STUDY MATERIAL below:
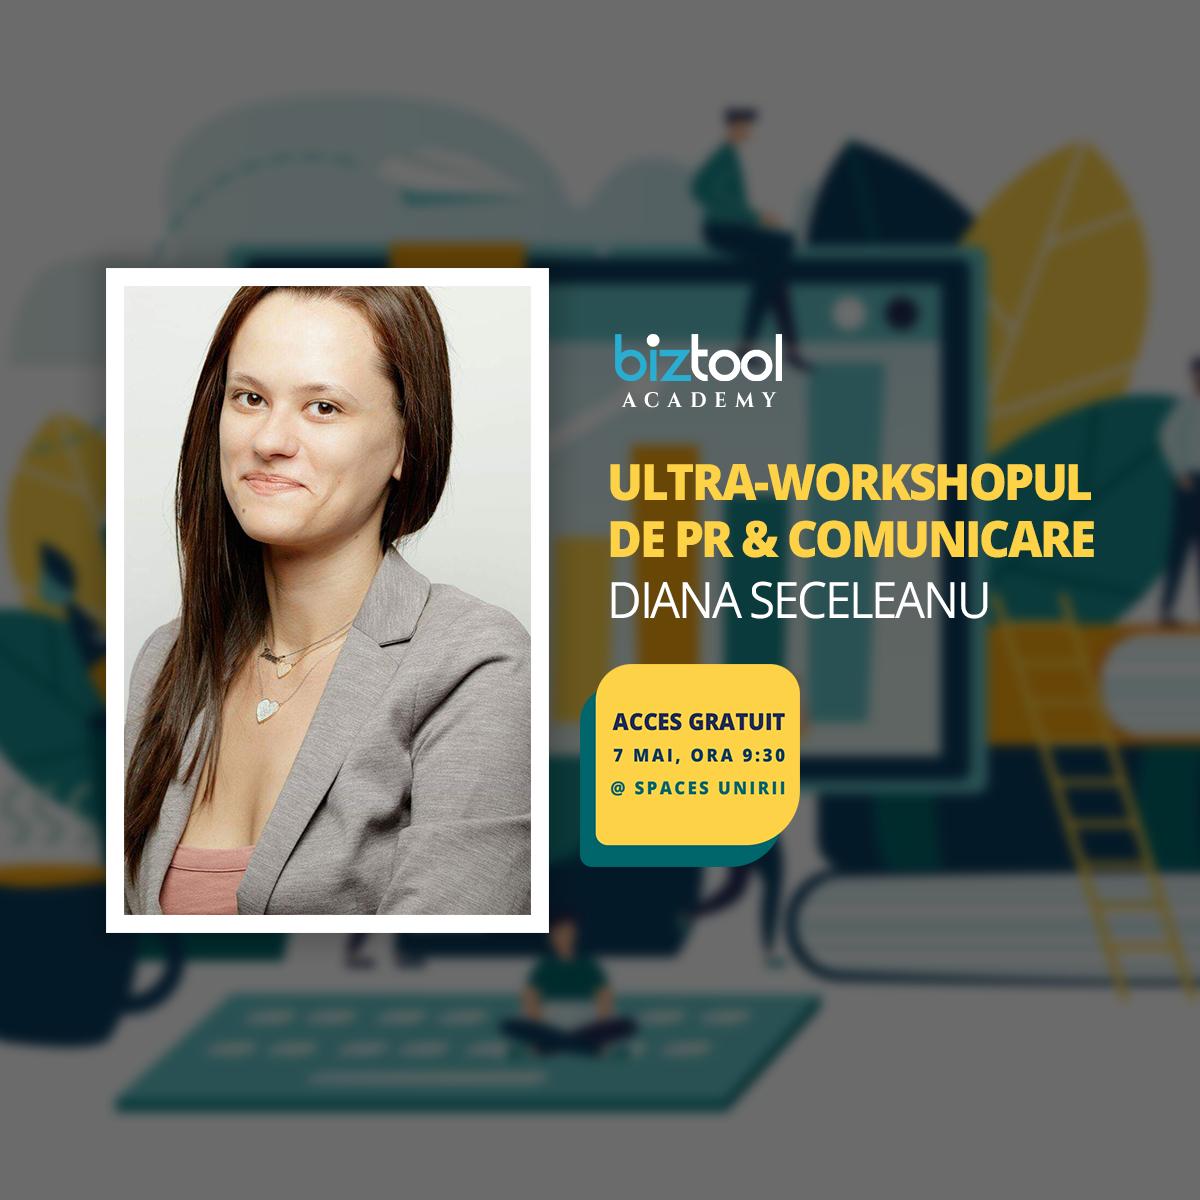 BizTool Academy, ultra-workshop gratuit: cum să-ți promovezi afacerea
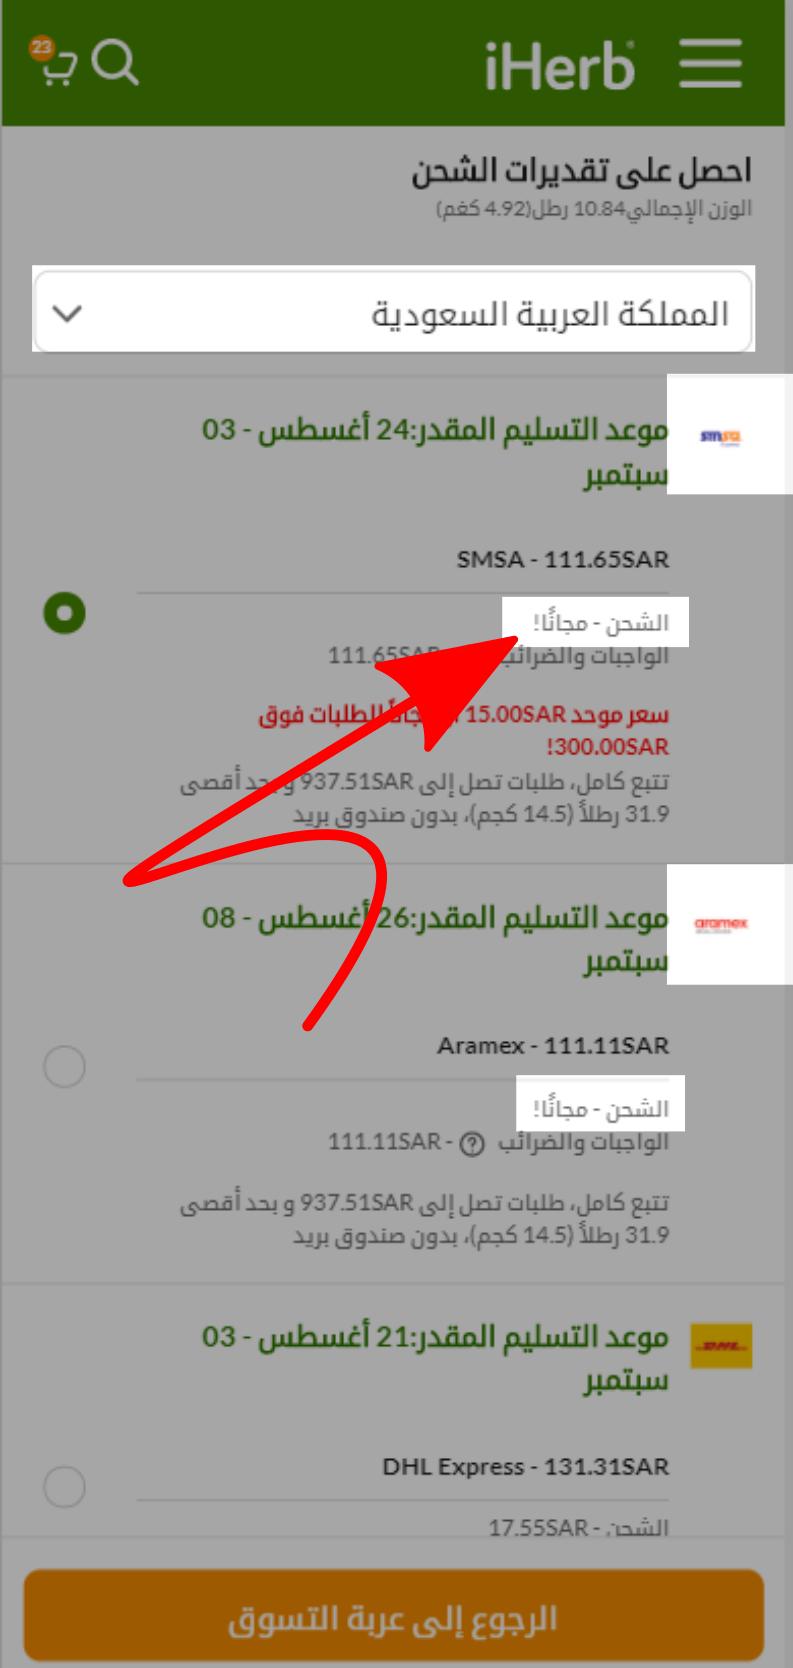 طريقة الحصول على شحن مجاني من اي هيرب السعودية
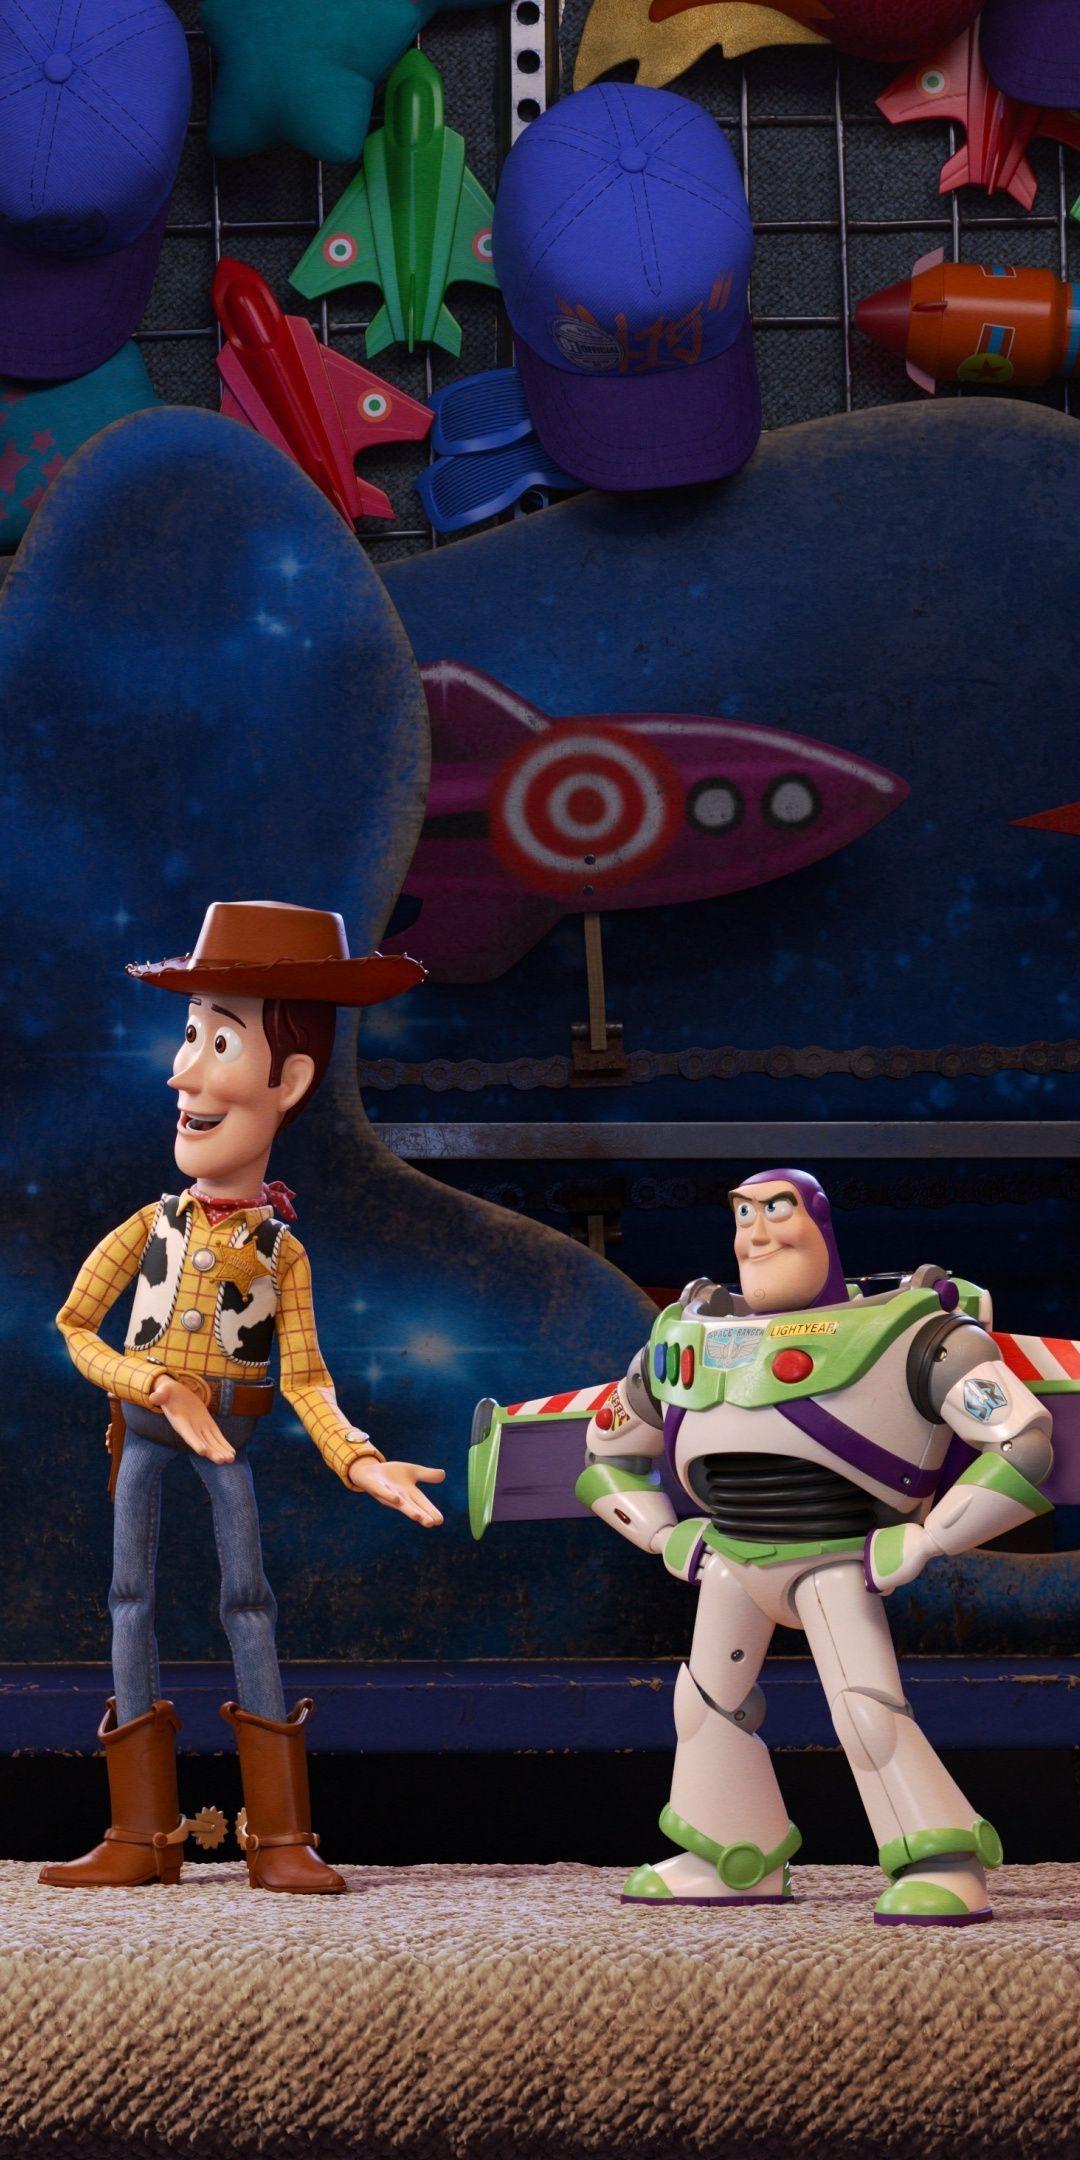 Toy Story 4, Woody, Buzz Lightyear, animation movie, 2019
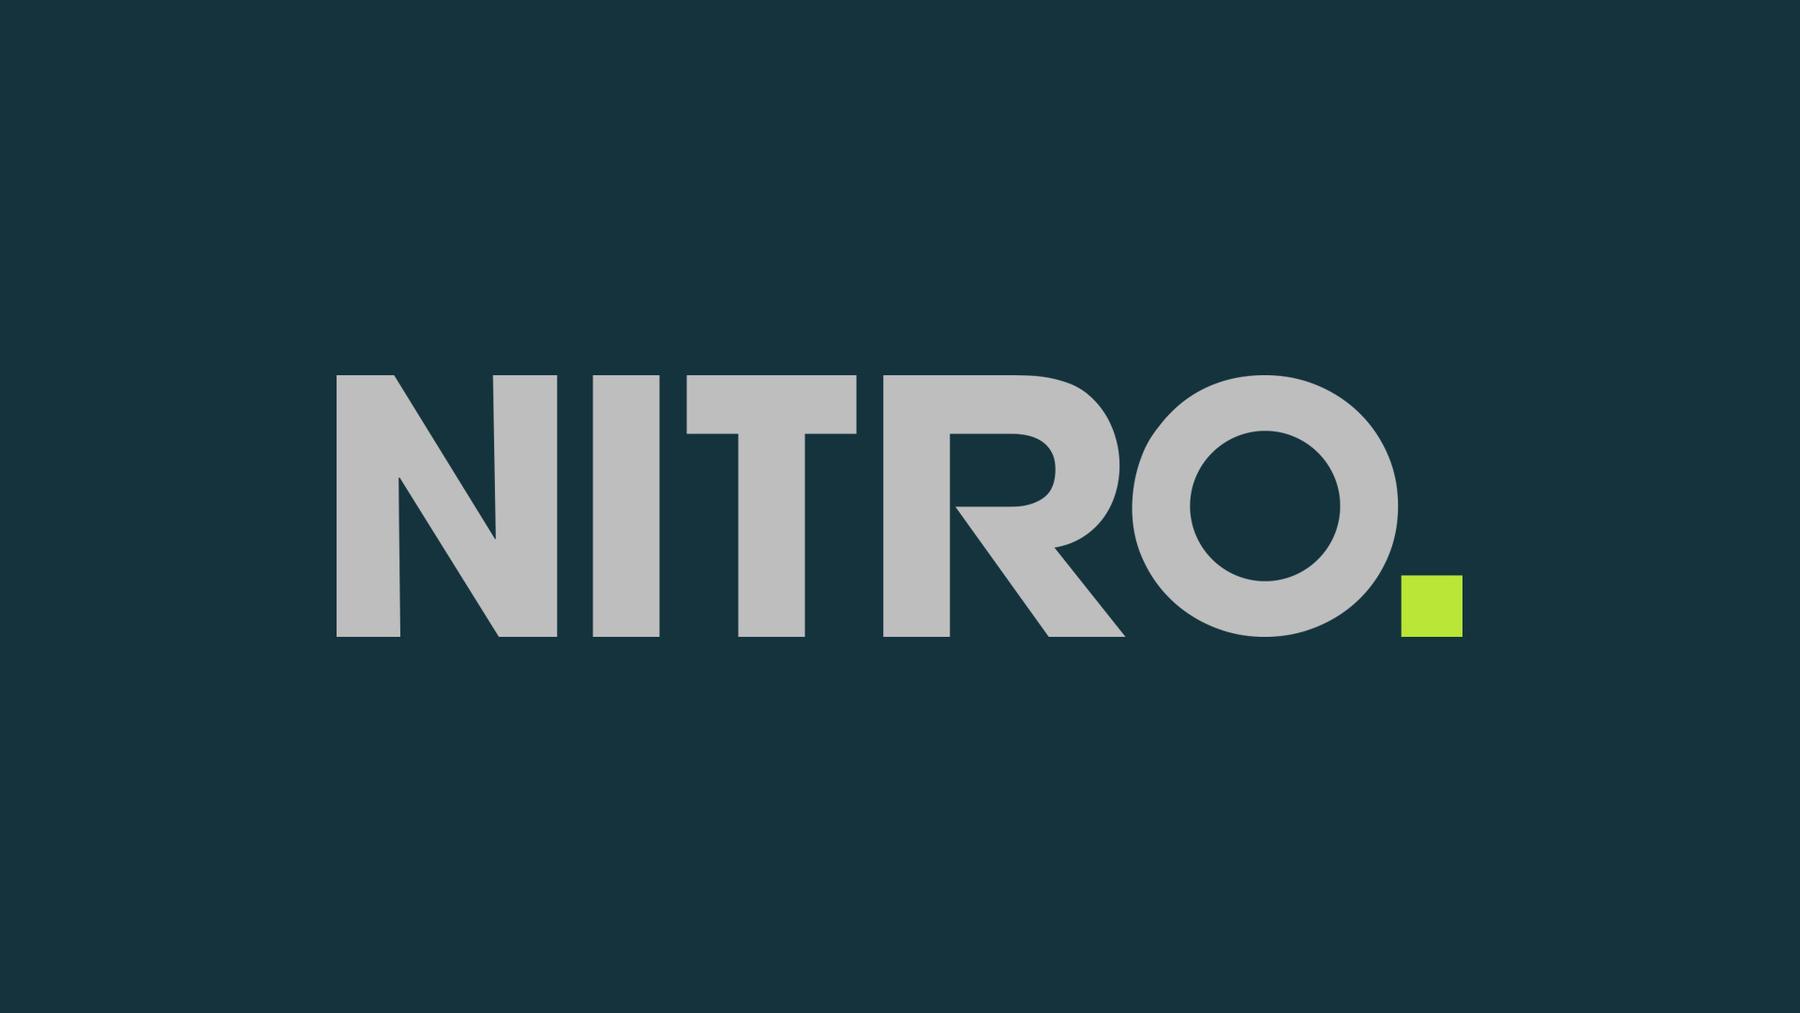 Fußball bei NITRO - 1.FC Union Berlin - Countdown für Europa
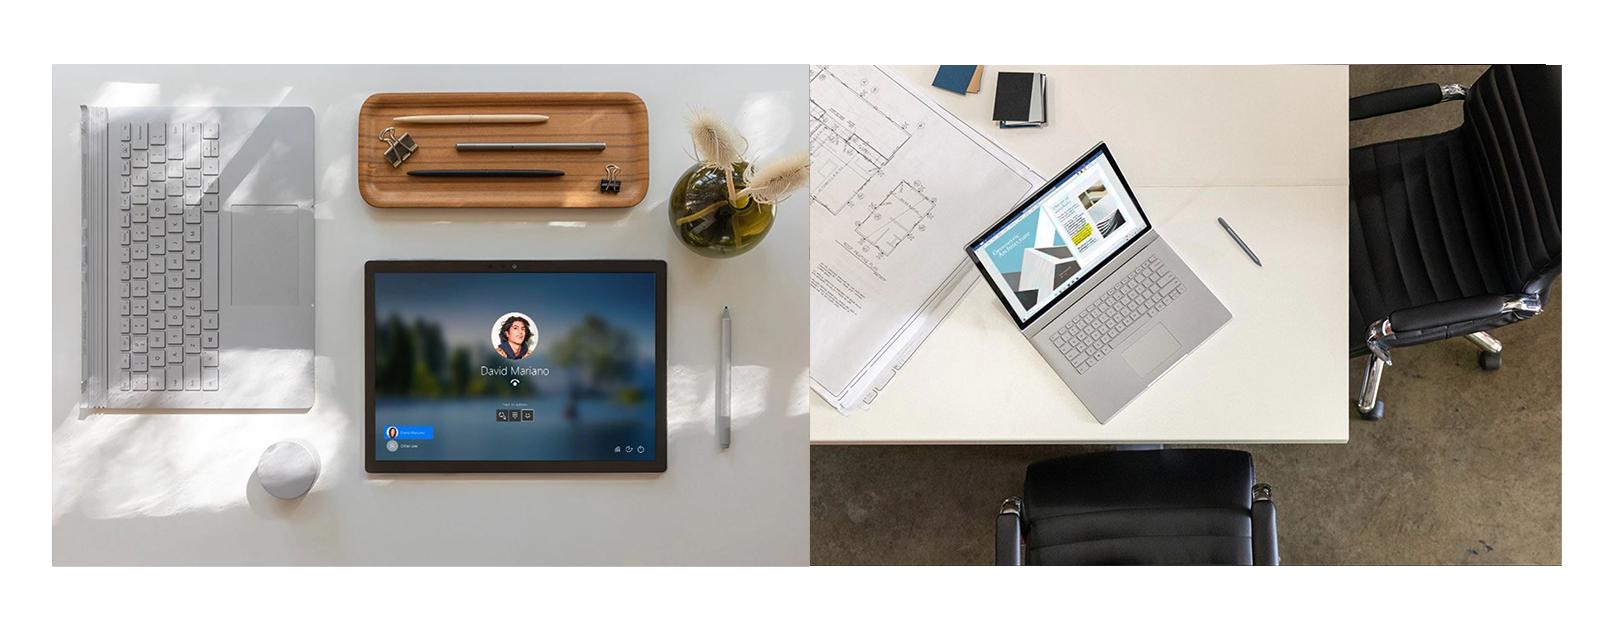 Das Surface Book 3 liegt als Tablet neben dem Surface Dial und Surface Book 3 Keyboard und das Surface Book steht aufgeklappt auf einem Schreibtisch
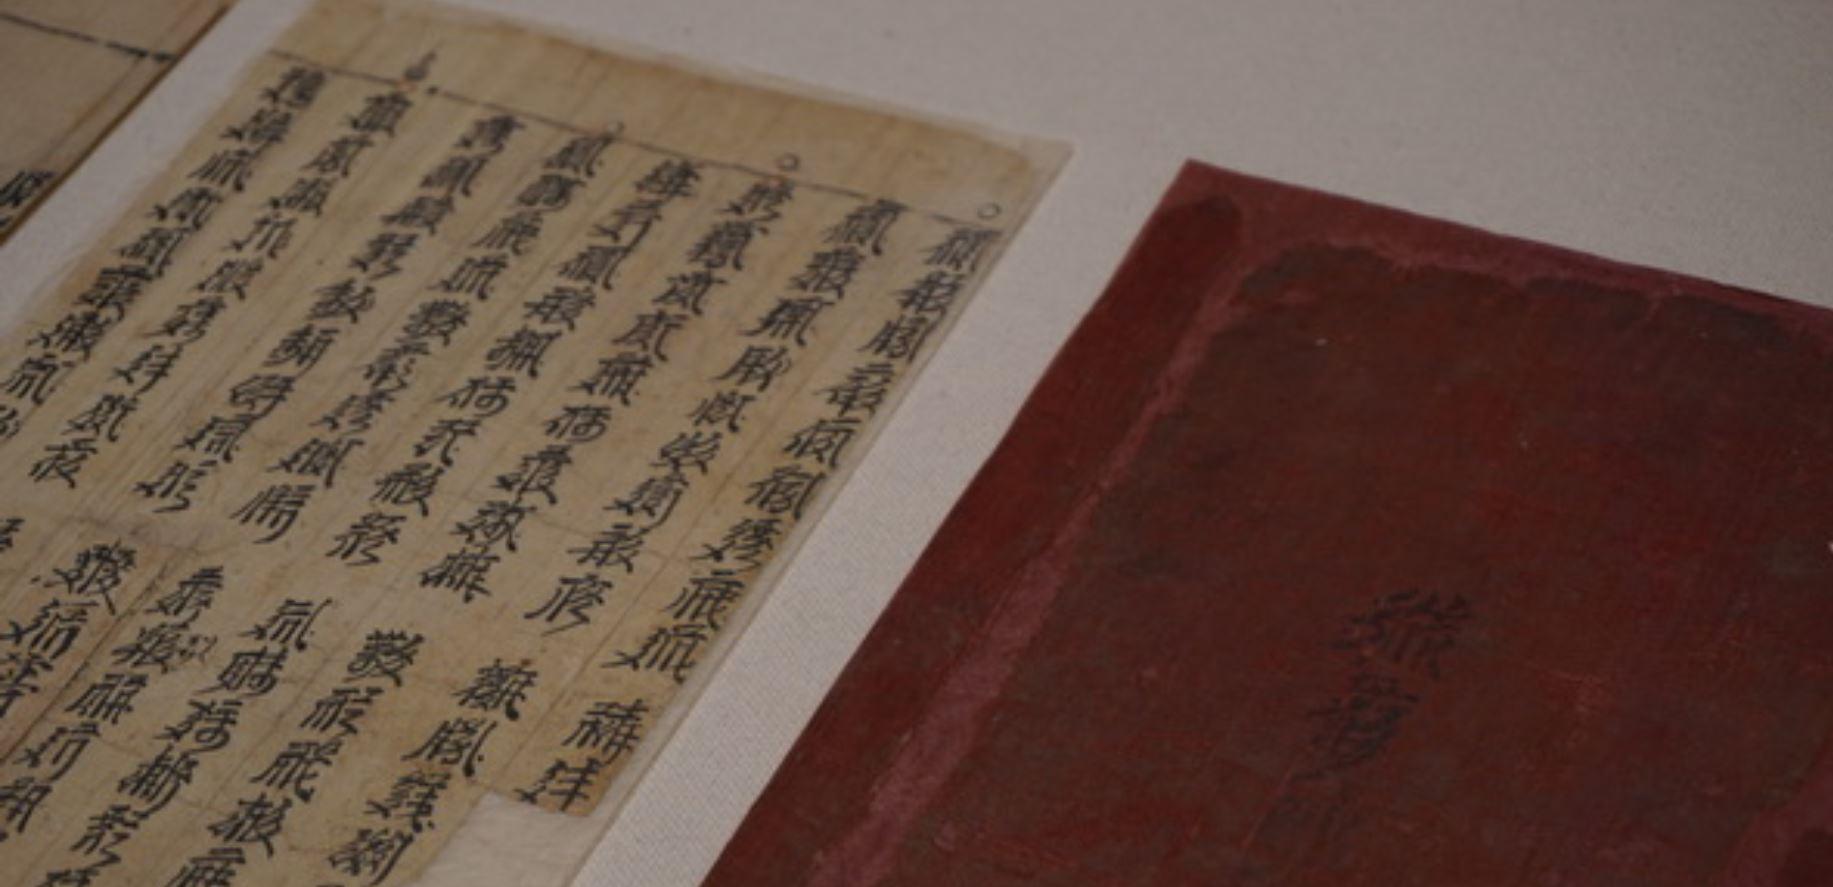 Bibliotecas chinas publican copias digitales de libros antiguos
End of STUDY MATERIAL.
PROBLEM DETAILS =
Transcribe exactly the span of lines that opens with the line holding "Toy Story 4, Woody, Buzz" and closes with the last line of the entries above. Omit pictures.

TASK RESULT =
 Toy Story 4, Woody, Buzz Lightyear, animation movie, 2019
 Fußball bei NITRO - 1.FC Union Berlin - Countdown für Europa
 Das Surface Book 3 liegt als Tablet neben dem Surface Dial und Surface Book 3 Keyboard und das Surface Book steht aufgeklappt auf einem Schreibtisch
 Bibliotecas chinas publican copias digitales de libros antiguos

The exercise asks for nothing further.